When he “disappeared”, Jorge Rosal was married and had a daughter. His wife was expecting their second child. It is believed he had no political or religious affiliations. Despite reported sightings of him in detention after his kidnapping, the Guatemalan authorities denied all knowledge of what had happened.

According to Amnesty International, Jorge’s family took his case to the Inter-American Commission on Human Rights. In 2000, the Guatemalan government issued a statement acknowledging its institutional responsibility in Jorge Rosal’s case and others. In 2004, a settlement was reached between the state and Jorge Rosal’s family.

The rights group says in the past two decades, hundreds of thousands of people have become victims of enforced disappearances around the world. Their family members and friends are still left without any knowledge of their fate.

The Day of the Disappeared was started in 1983 by the Latin American non-governmental organisation FEDEFAM (Federación Latinoamericana de Asociaciones de Familiares de Detenidos-Desaparecidos) at a time when disappearances arose from authoritarian governance by military rulers.

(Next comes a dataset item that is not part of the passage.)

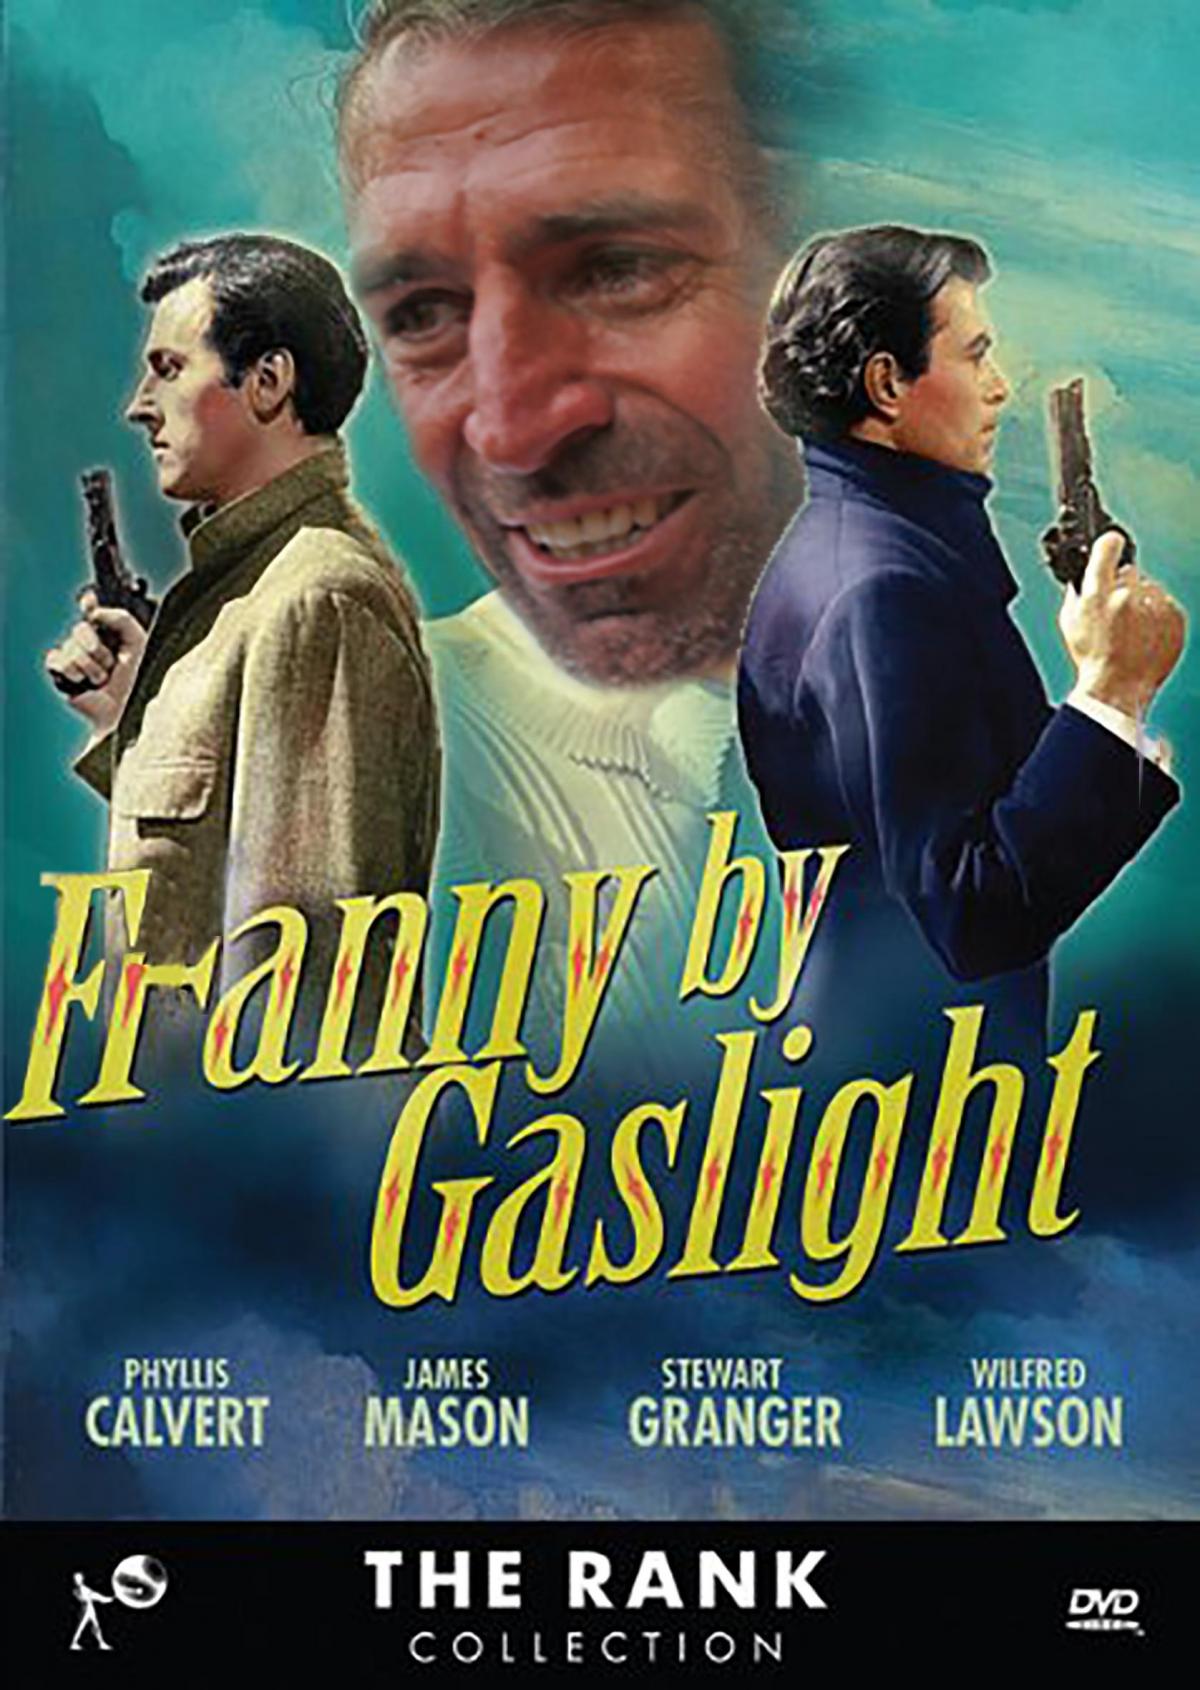 Francis Benali - Franny by the Gaslight

But, as human rights researchers point out, enforced disappearances are taking place in all parts of the world. In September 2006, U.S. President George W Bush publicly acknowledged that the CIA was running prolonged incommunicado detention in secret locations. This practice has involved governments around the world.

Those being held in secret locations have no clue about where they are and what is going to happen to them. It is feared that most of them are at risk of torture and death. Bush reauthorised the programme in 2007.

After the Abu Ghraib prison torture scandal in Iraq in February 2004, the Bush administration ordered a number of investigations and reviews of its detention and interrogation practices.

The leaked reports of the probe by Maj. Gen. Antonio Taguba and Maj. Gen. George Fay, among others, documented the existence of so-called “ghost detainees,” who were held in secret and moved around the prisons where they were being held to hide them from visits by Red Cross members.

In scrutinising the Bush policy on secret detentions, the Amnesty International identifies Pakistan as one of the chief collaborators. The rights group says that in that country there are many cases of enforced disappearances linked to the so-called U.S. war on terror.

The group also points to Iraq as another major source of concern regarding the issue of enforced disappearances. The Asian Federation against Involuntary Disappearances (AFAD) says this Saturday, family members of the disappeared will gather in Baghdad to give public testimonies of what occurred to their relatives.

“Aug. 30 is very important for the families of the disappeared,” said Mary Aileen Bacalso, the secretary-general of AFAD. “It is the day wherein the families can collectively honour their memory. It is an insistence of their moral and spiritual presence despite their physical absence.”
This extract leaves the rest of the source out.